The DOM
Table of Contents
In this post, I’ll be writing about how the browser represents a page using a DOM tree, the different types of nodes that you’ll find in the DOM tree, and selecting nodes to interact with in different ways.
Introduction
The Document Object Model (DOM) is a set of rules that browsers use to create a model of an HTML page in memory, and that JavaScript can use to access and update the contents of a web page while it is in the browser window. The DOM tree is the structure that the DOM uses to represent the page in memory. Each object in the tree represents a different part of the page. You can think of the DOM as an API that lets your script talk to the browser and ask it questions about the page, or tell it to update what is being shown to the user.
The DOM tree
Every element in an HTML file is a node. At the very top and being the first element, there is the Document node. Under, the rest of the nodes that you can see like the HTML and body tag/element (from now on I will say element only) exists under. Each node has their own methods and properties, some are interchangeable. We can use these methods to change the DOM tree via scripts for updates. These changes are then rendered onto the page.
Node types
The first node is the document node, this node represents the entire page and it is an object as well that goes by the same name if you want to reference it. The second type is the element node. Elements like h1 - h6 that describe what parts are headings in a page and the p elements that guide as to what parts paragraphs of text start, etc. The third type are attribute nodes and are part of that element. Not children, sibling or otherwise. Sometimes we may need to change a characteristic of an element through one of it’s attributes with CSS for presentation purposes. The fourth type are text nodes, with this last node you can access the text between the element node as represented by the graph tree above.

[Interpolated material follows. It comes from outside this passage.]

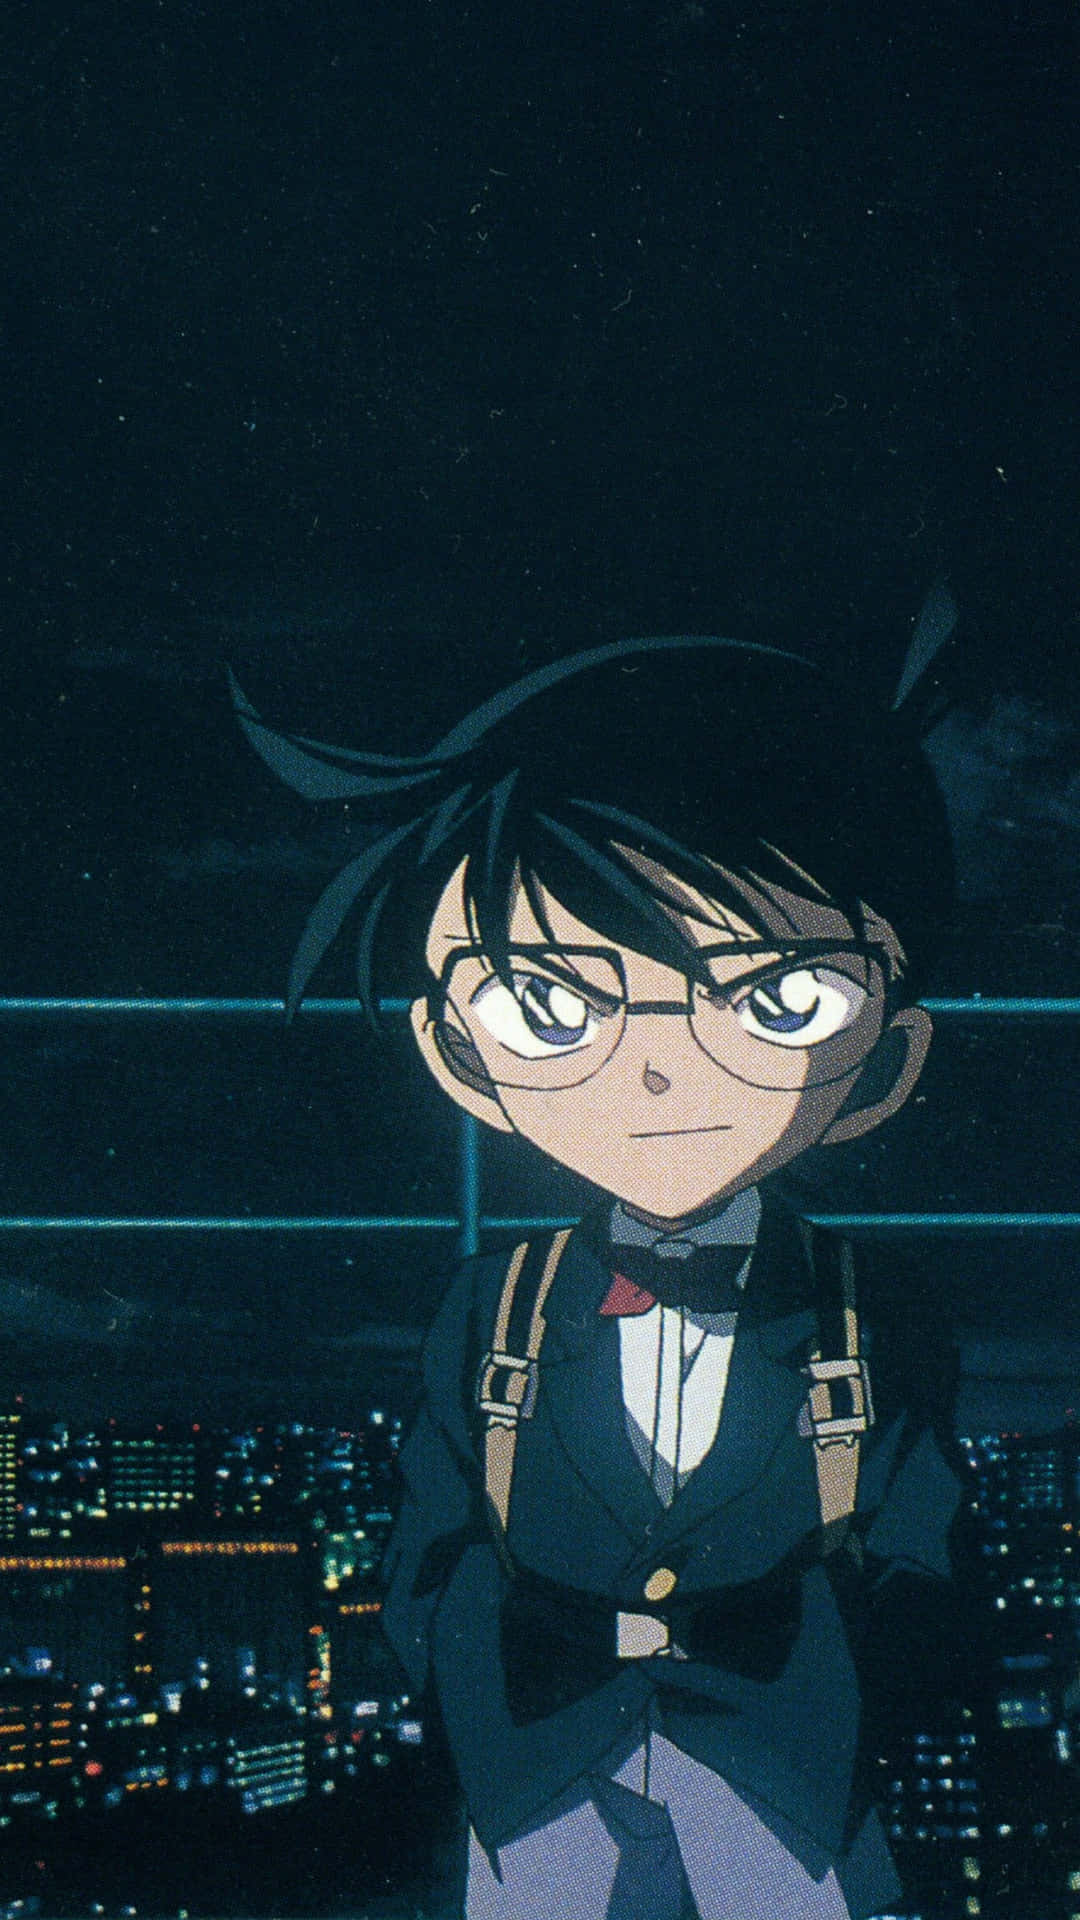 Follow the clues and get to the bottom of the case with Detective Conan

Accessing and modifying the DOM tree
When making changes to the DOM’s elements there are several methods for doing so. Some are more common than others. Although all follow the rule of (1) finding the node that represents the element to work with and (2) Working with element nodes’ text content, child elements, and attributes to do something.
(1) Common ways to finding the node that represents the element to work with
The below methods allow you to select an individual element node:
- getElementById() - Searches for an element based on the value of it’s id attribute (single value, unique within a page).
- querySelector() - Searches for an element using a CSS selector and returns the first matching element.
These methods allow you to select multiple elements, we call these nodelists:
- getElementsByClassName - Searches for all elements with a given class name attribute.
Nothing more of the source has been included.